PS.....Please find my code below:

class Graph(object):
def __init__(self, g= { } ):
self.graph = g
def __iadd__(self, p):
if p not in self.graph:
self.graph[p] = PathsDict()
return self
def __getitem__(self, p):
try:
return self.graph[p]
except KeyError:
raise KeyError( "%s not in graph" %(repr(p)) )
def __str__(self):
return str(self.graph)
def filter(self, filter):
pass

class PathsDict(object):
def __init__(self):
self.paths = { }
def __setitem__(self, p, val):
if p not in self.paths:
self.paths[p] = val
def __getitem__(self, p):
return self.paths[p]
# catch exception here
def paths(self):
for k, v in self.paths:
yield (k, v)
def edges(self):
return self.paths.values()
def __str__(self):
return str(self.paths)
def __len__(self):
return len(self.paths)

class Node(object):
def __init__(self, name):
self.name = name
def __str__(self):
return self.name

class Edge(dict):
def __init__(self, name, weight = 1):
self["name"] = name
self["weight"] = weight
def __str__(self):
return self["name"]
 
B

bearophileHUGS

Szabolcs Nagy:
i haven't read your code, but there are many graph implementations in
python.
in case you haven't found these yet:
http://wiki.python.org/moin/PythonGraphApi

if you only want to do some analysis i think you need this one (as it's
pretty complete and simple):
https://networkx.lanl.gov/

i also recommend Guido's essay to read:
http://www.python.org/doc/essays/graphs.html

I can also suggest my one:
http://sourceforge.net/projects/pynetwork/

And boost graph bindings for Python, quite fast:
http://www.osl.iu.edu/~dgregor/bgl-python/

Bye,
bearophile
 
N

Nathan Harmston

https://networkx.lanl.gov/

This was working for me earlier, I managed to get everything from
there earlier. It seems a very good package. It seems theres more out
there than what I had thought, which unfortunately makes it harder for
me to decide what to use (pynetwork and bgl look useful aswell). I m
going to do some testing on it later and see what happens with it.
Thanks a lot for your help.

Has anyone got an idea how I could split the contents of a node and
its representation (to save memory in my graph). ie.... the nodes
contain the start and end coordinates and id and the actual
representation contains the string. I was going to have :

class Node(object):
pass

class Section(Node):
pass

class Item(object):
pass

Where section contains a slice of the Item which im interested. I m
just not sure how I can access the contents of item without storing
it. ---> If u get what I mean???

Many Thanks in advance

Nathan
 
J

John Machin

Nathan said:
This was working for me earlier, I managed to get everything from
there earlier. It seems a very good package. It seems theres more out
there than what I had thought, which unfortunately makes it harder for
me to decide what to use (pynetwork and bgl look useful aswell). I m
going to do some testing on it later and see what happens with it.
Thanks a lot for your help.

Has anyone got an idea how I could split the contents of a node and
its representation (to save memory in my graph). ie.... the nodes
contain the start and end coordinates and id and the actual
representation contains the string. I was going to have :

class Node(object):
pass

class Section(Node):
pass

class Item(object):
pass

Where section contains a slice of the Item which im interested. I m
just not sure how I can access the contents of item without storing
it. ---> If u get what I mean???

No. Not at all. "pass" is not very informative. Neither are
"representation" and "the string". Please tell us what you mean by
"slice". What is an "item", if it's not a "node"? Try listing out the
attributes of a node, with a couple of sample values for each, and then
we might get a clue.

What makes you think that you need to save memory?

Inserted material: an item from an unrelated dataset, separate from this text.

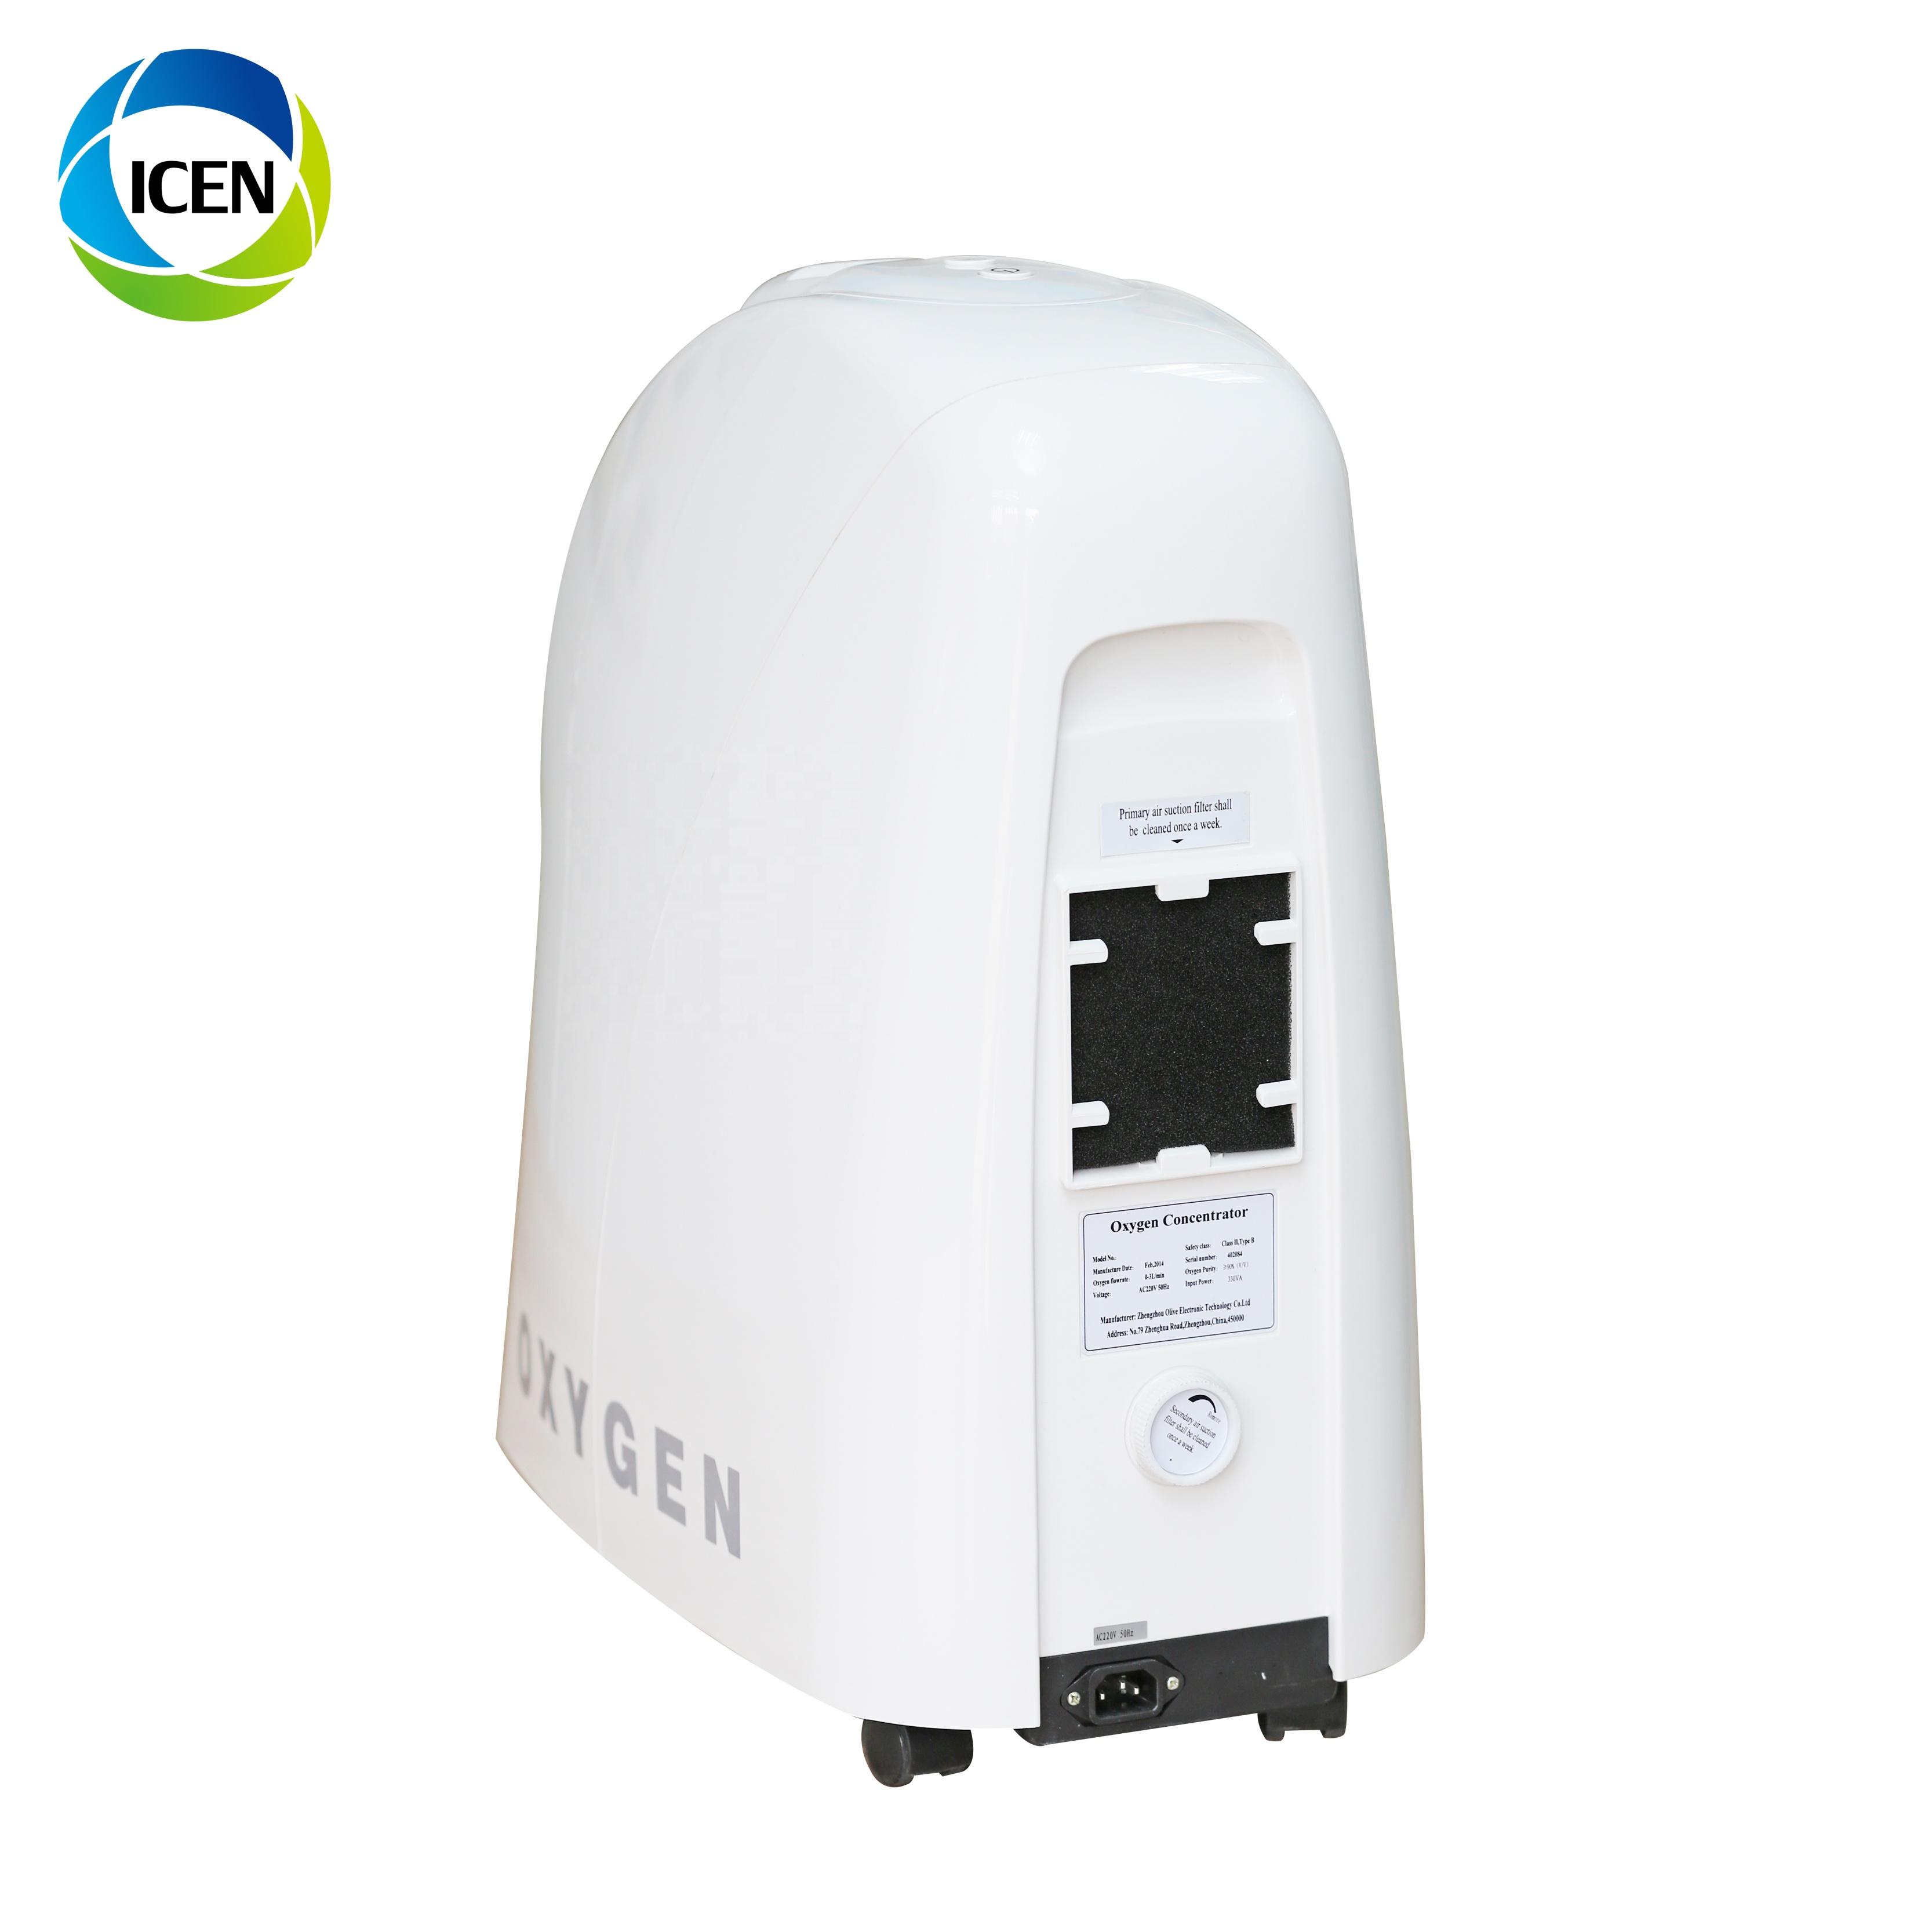 IN-I5 портативный медицинский параболический концентратор кислорода 93% медицинский концентратор кислорода, низкие цены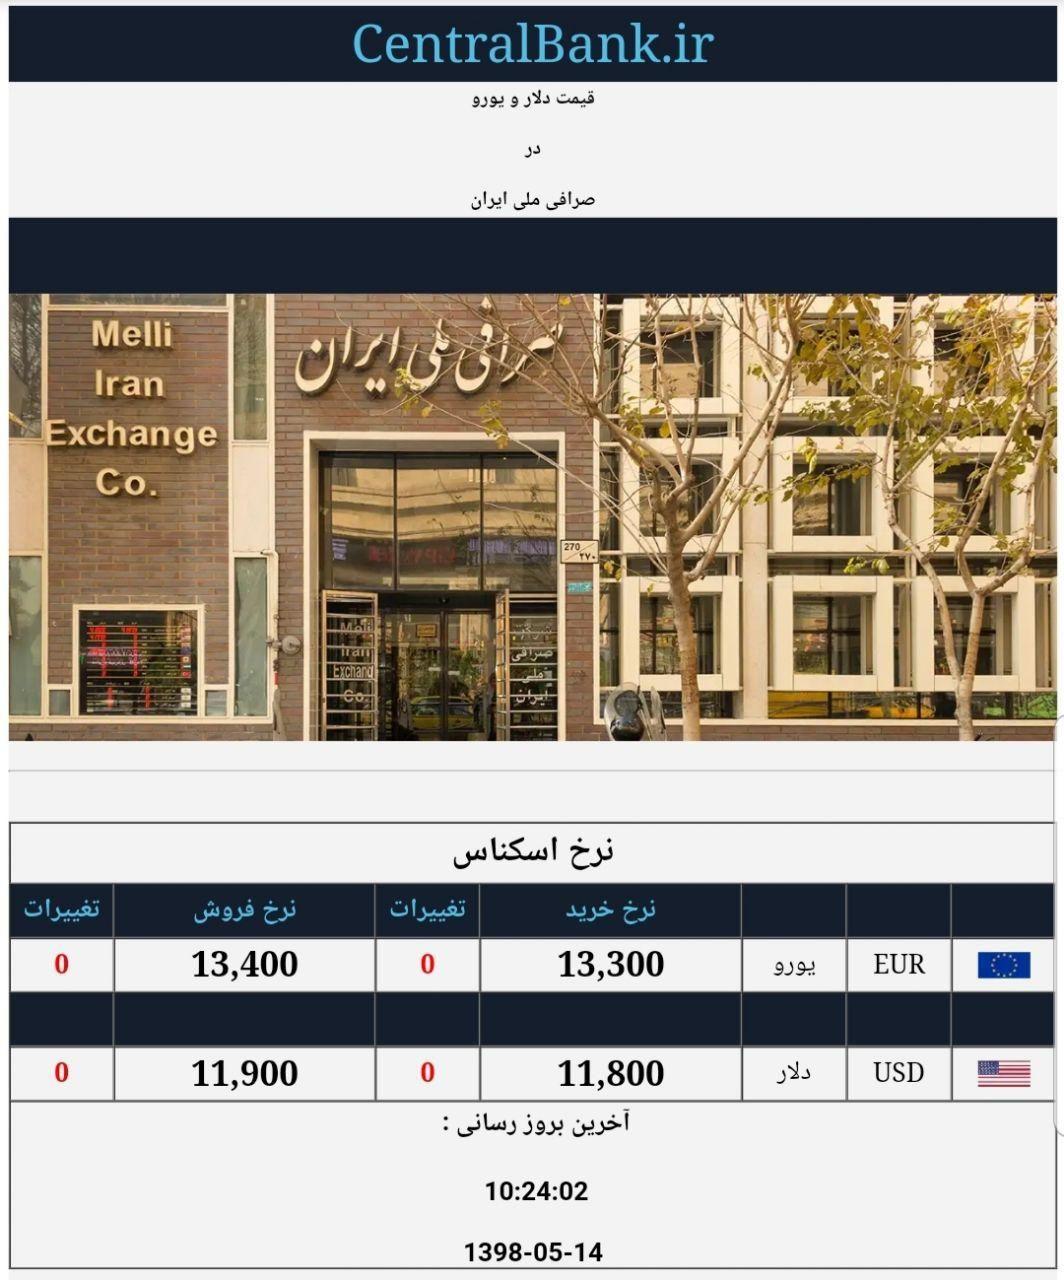 قیمت دلار و یورو در صرافی ملی امروز ۱۳۹۸/۰۵/۱۴| دلار همچنان در کانال ۱۱ هزار تومان

What makes you think that you could save memory by splitting whatever
it is?

HTH,
John
 
R

Robin Becker

.......

I got it back just once, but when I clicked again I see this



RuntimeError Python 2.4.4c1: /usr/bin/python
Sat Nov 25 16:21:16 2006

A problem occurred in a Python script. Here is the sequence of function
calls leading up to the error, in the order they occurred.
/build/bdist.linux-x86_64/egg/tracrst/macro.py in
render_macro(self=<tracrst.macro.TracReSTMacro object>, req=<trac.web.api

.......

782 self.__dict__["_parent_pool"] = \
783 parent_pool or libsvn.core.application_pool;
784 if self.__dict__["_parent_pool"]:
self = <libsvn.repos.svn_repos_t; proxy of C svn_repos_t instance>,
self.__dict__ = {'this': <Swig Object of type 'svn_repos_t *'>},
parent_pool = <libsvn.core.apr_pool_t; proxy of C apr_pool_t instance>,
libsvn = <module 'libsvn' from
'/usr/lib/python2.4/site-packages/libsvn/__init__.pyc'>, libsvn.core =
<module 'libsvn.core' from
'/usr/lib/python2.4/site-packages/libsvn/core.pyc'>,
libsvn.core.application_pool = <libsvn.core.apr_pool_t; proxy of C
apr_pool_t instance>

RuntimeError: instance.__dict__ not accessible in restricted mode
args = ('instance.__dict__ not accessible in restricted mode',)


perhaps I'm seeing different apache processes or something
 
N

Nathan Harmston

Hi,

The idea is that I m going to use it to build graphs for sequence
alignment (at the moment), I read a discussion on the corebio
(reimplementation of biopython) group about using intervals to
represent sequence slices. The idea being that, my graph may contain
millions of alignments and storing the sequence (the actual ATGC) is
not required.

class Node(object):
pass

class Interval(Node):
_id = "gene1"
_start = 50
_end = 200
_strand = 1

class Sequence(object):
_sequence = "atgtcgtgagagagagttgtgag................."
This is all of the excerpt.